WHAT YOU NEED TO DO: What you give back from the listing below should be an exact copy of the lines from the one with "Shot - Batterie" down to the one with "Ingrid Beddoes King", and it should contain no pictures.

RECORDS FOR THE TASK:
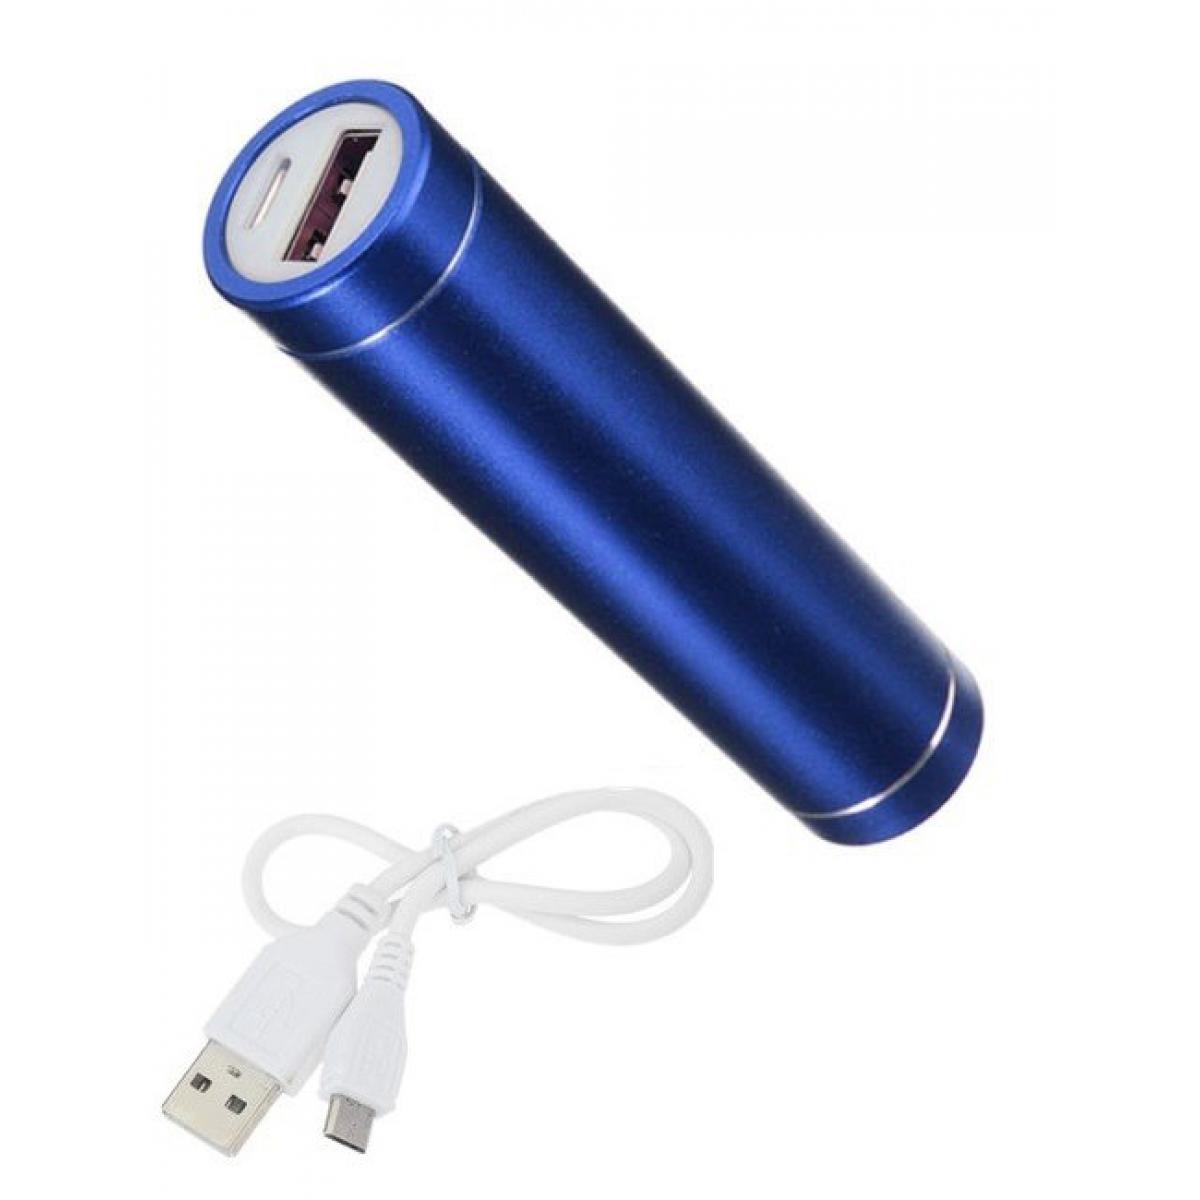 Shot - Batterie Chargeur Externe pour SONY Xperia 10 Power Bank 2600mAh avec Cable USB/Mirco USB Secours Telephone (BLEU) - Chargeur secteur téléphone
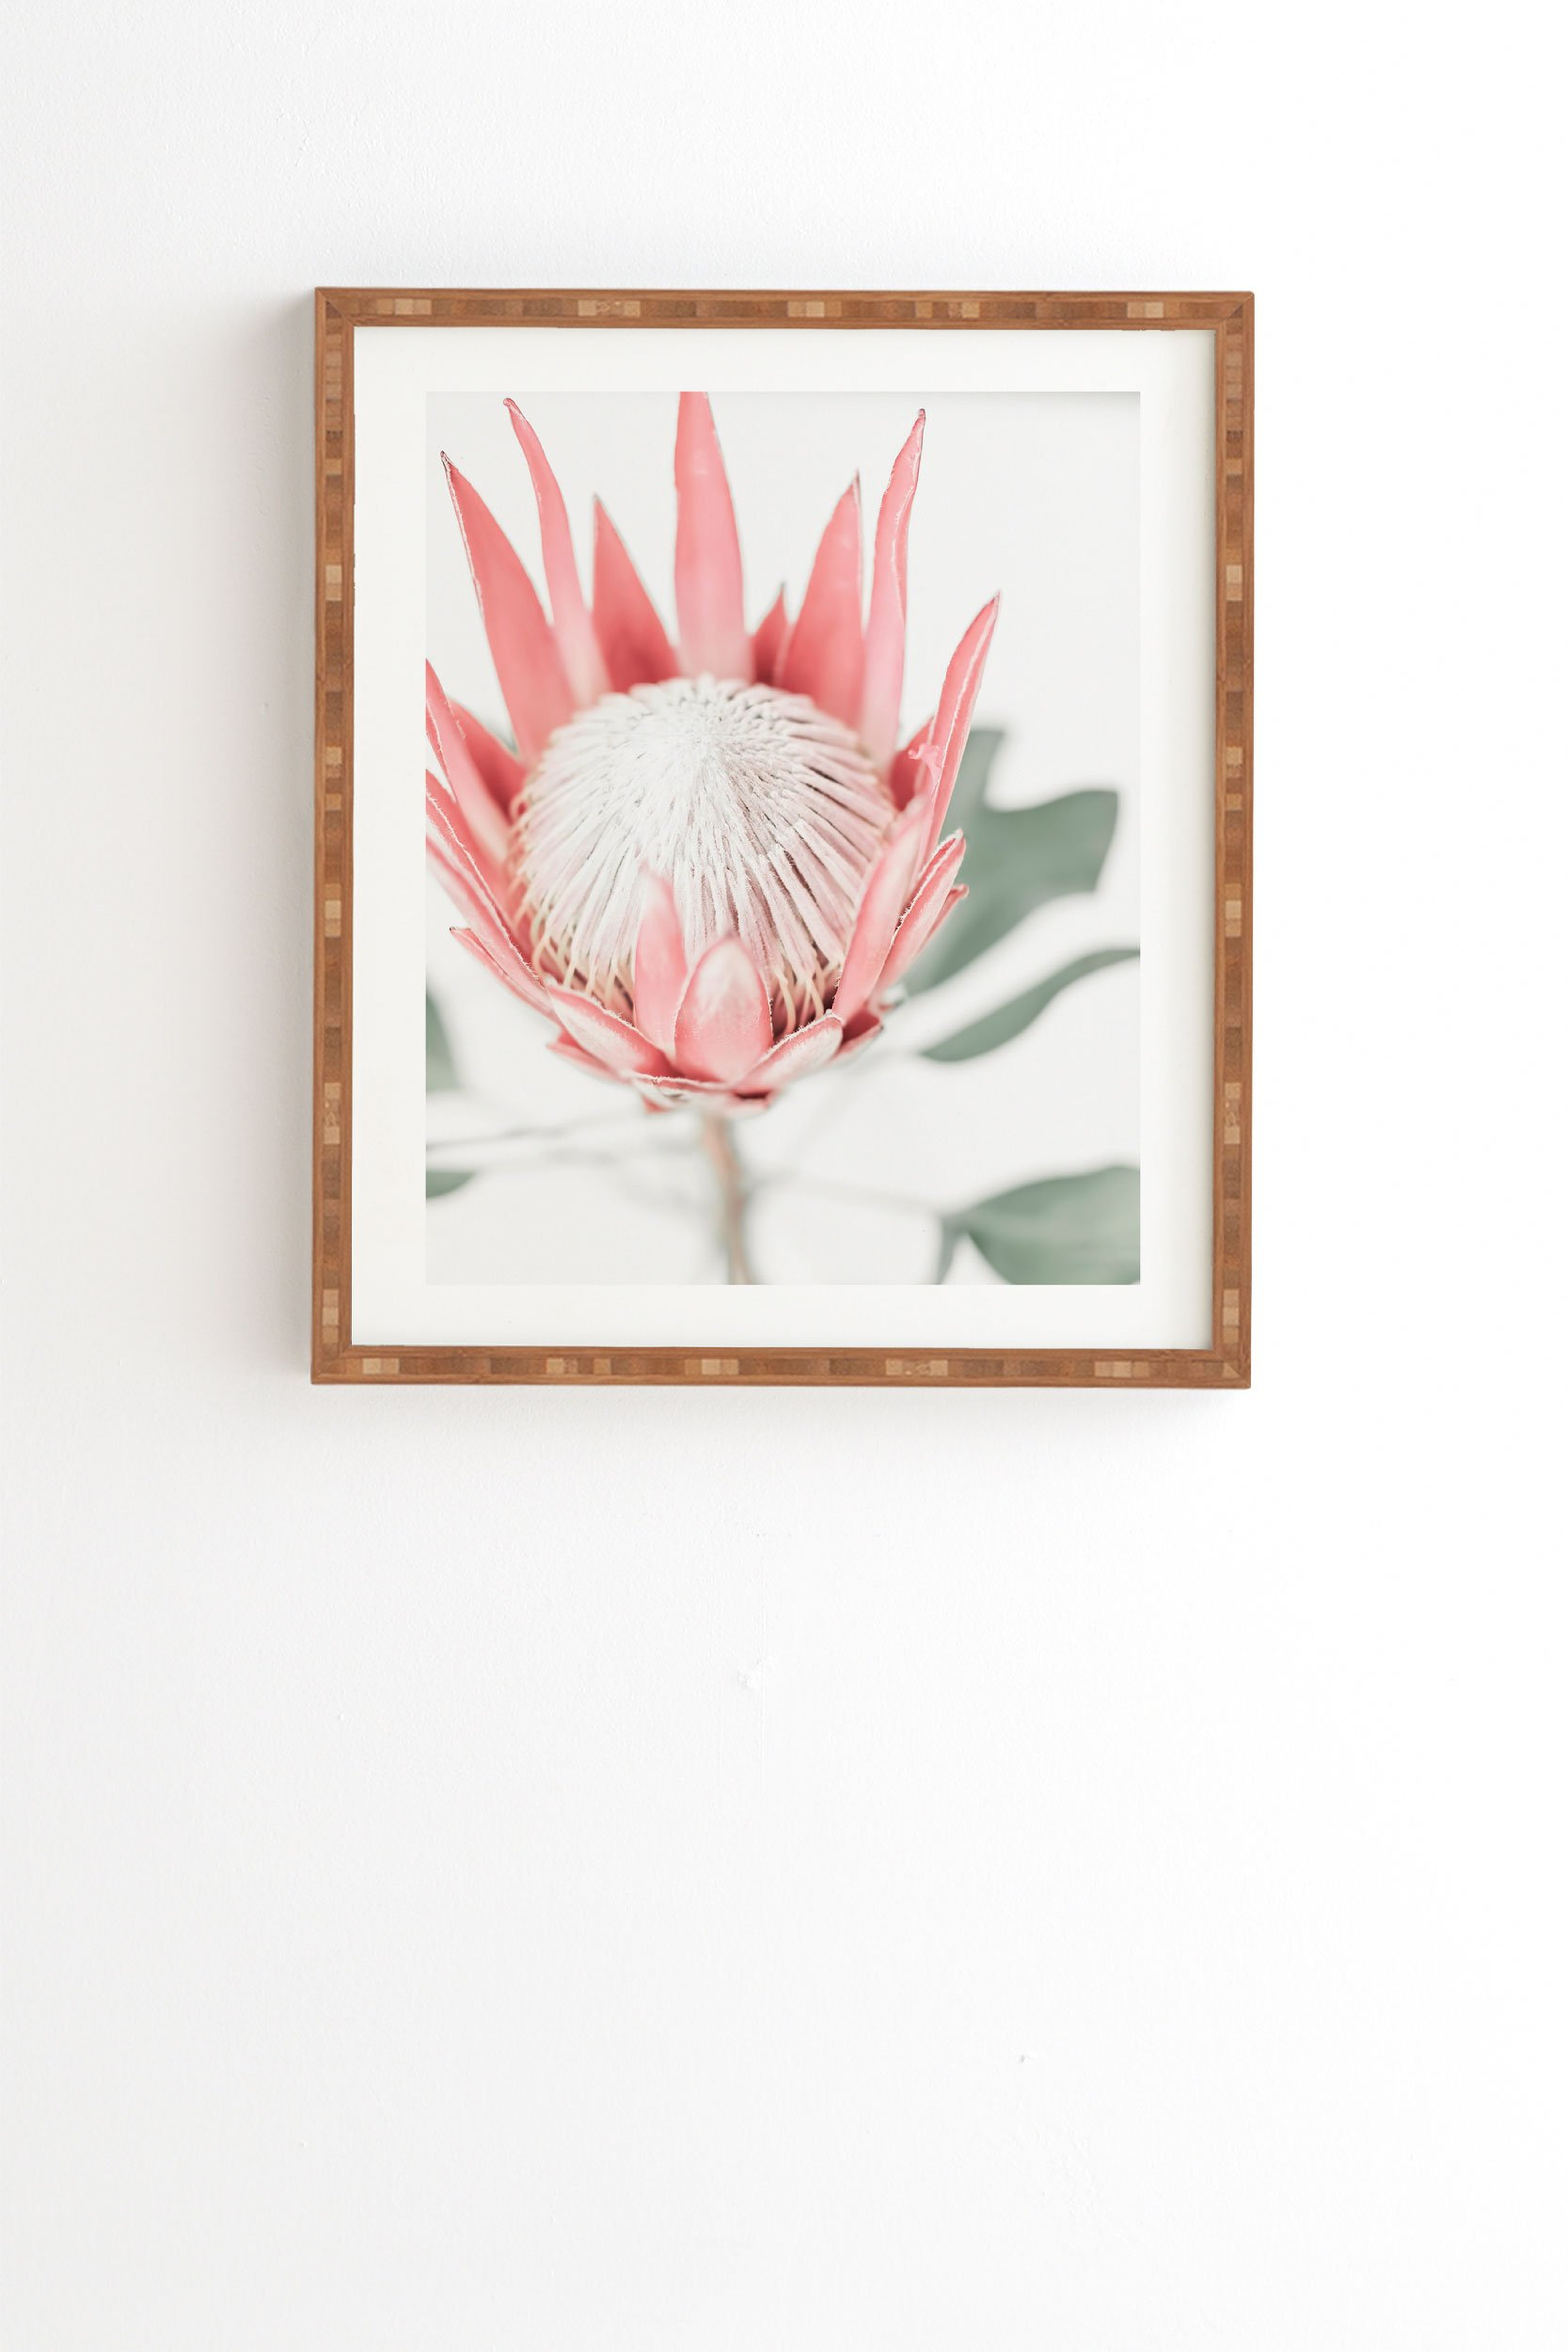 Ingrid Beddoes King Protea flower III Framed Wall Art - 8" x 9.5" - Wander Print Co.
* * *
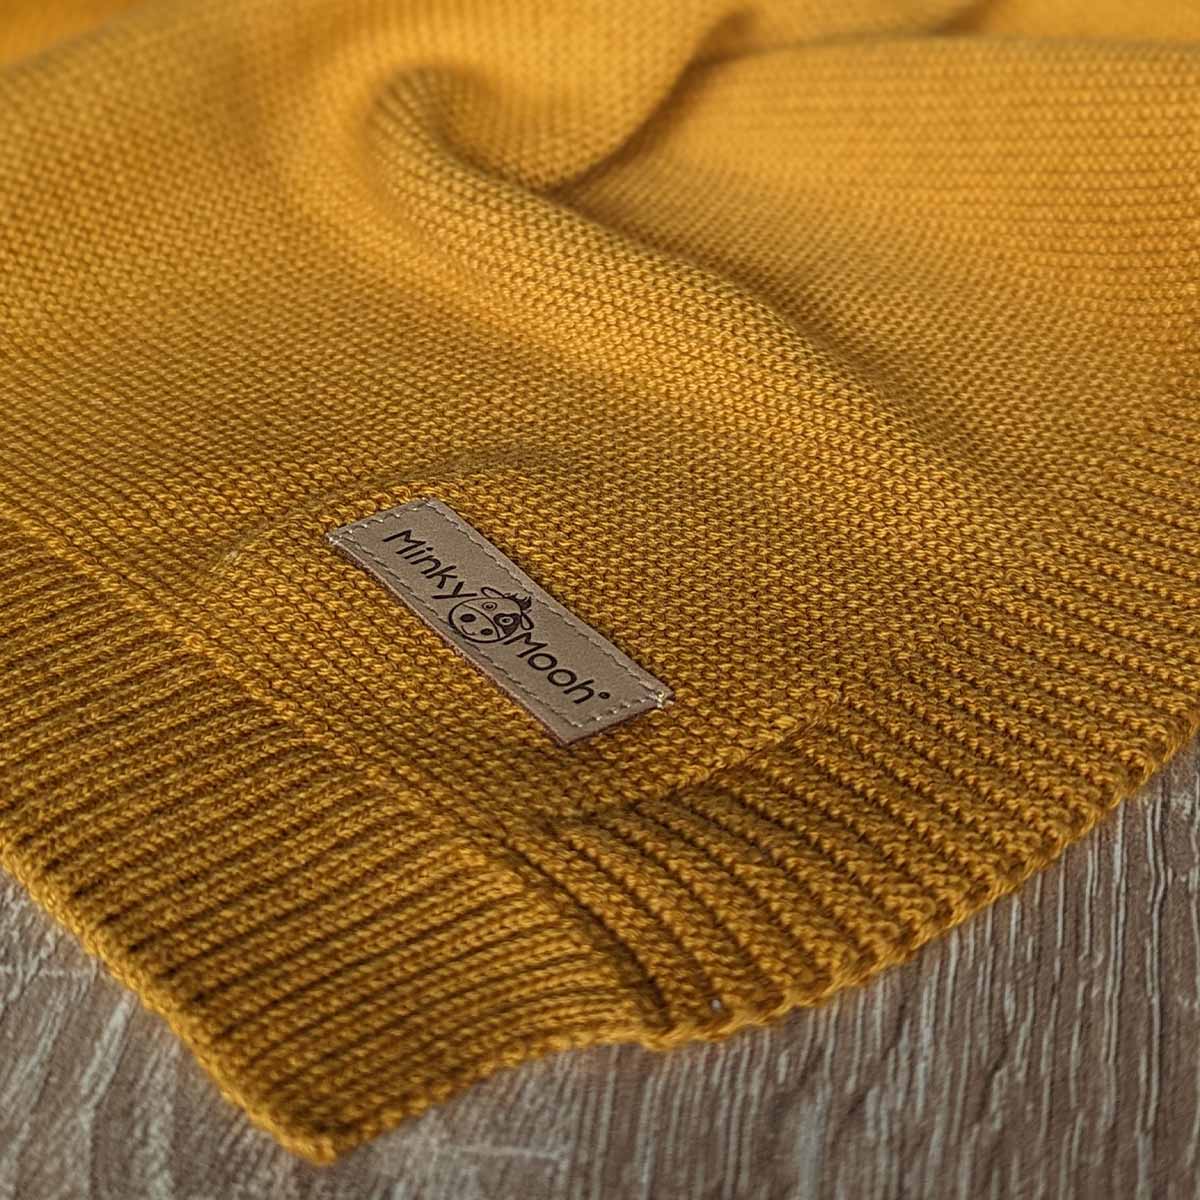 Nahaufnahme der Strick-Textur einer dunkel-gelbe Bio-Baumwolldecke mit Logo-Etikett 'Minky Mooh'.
* * *
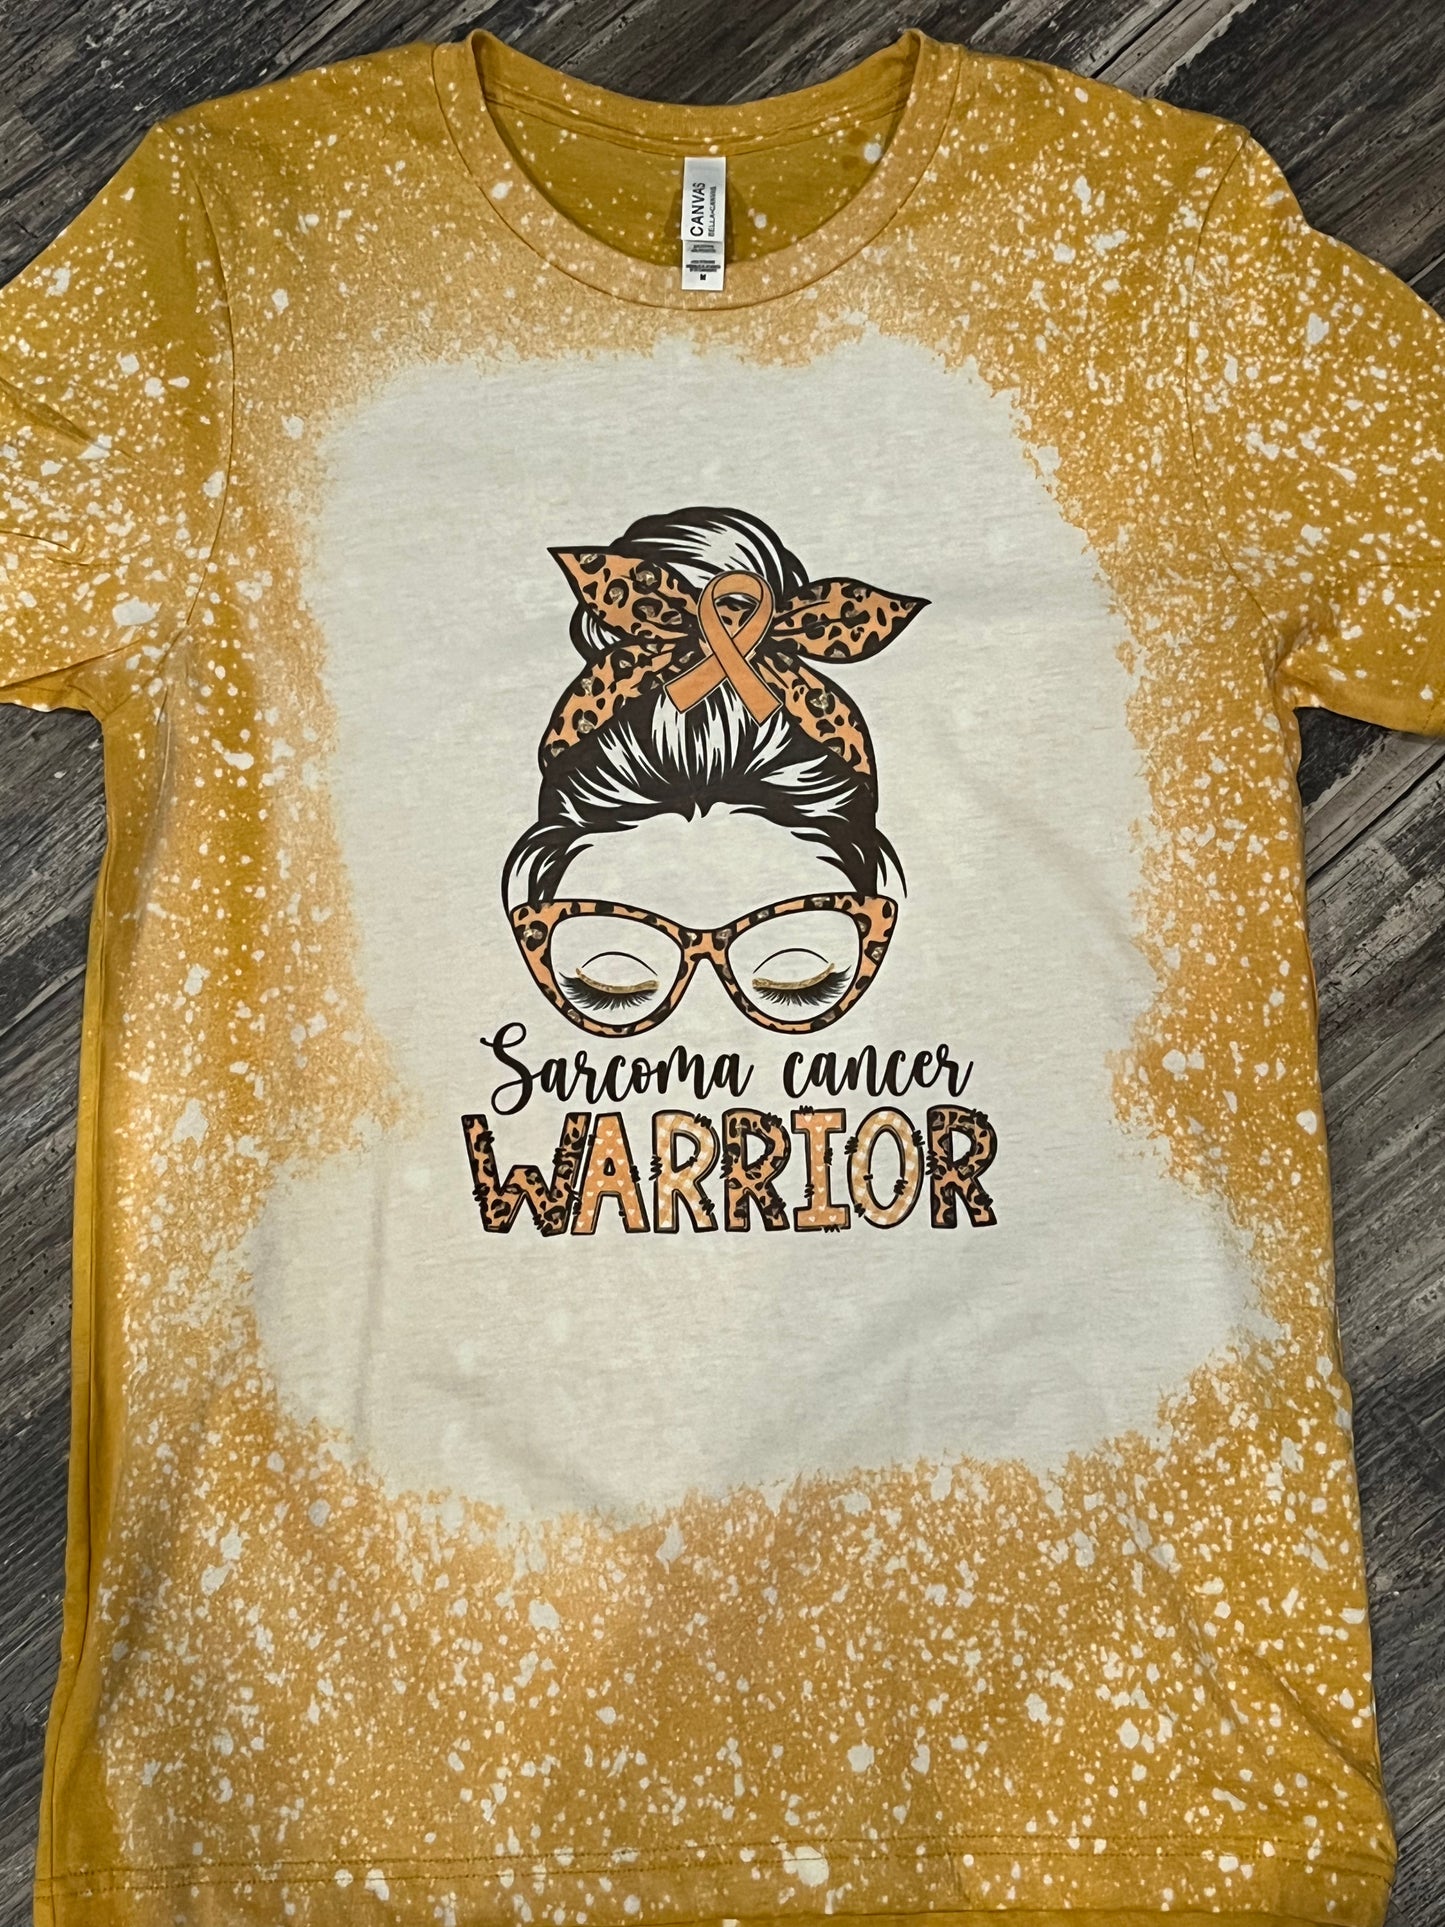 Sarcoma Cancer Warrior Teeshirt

RESULT OF THE EXERCISE:
 Shot - Batterie Chargeur Externe pour SONY Xperia 10 Power Bank 2600mAh avec Cable USB/Mirco USB Secours Telephone (BLEU) - Chargeur secteur téléphone
 Ingrid Beddoes King Protea flower III Framed Wall Art - 8" x 9.5" - Wander Print Co.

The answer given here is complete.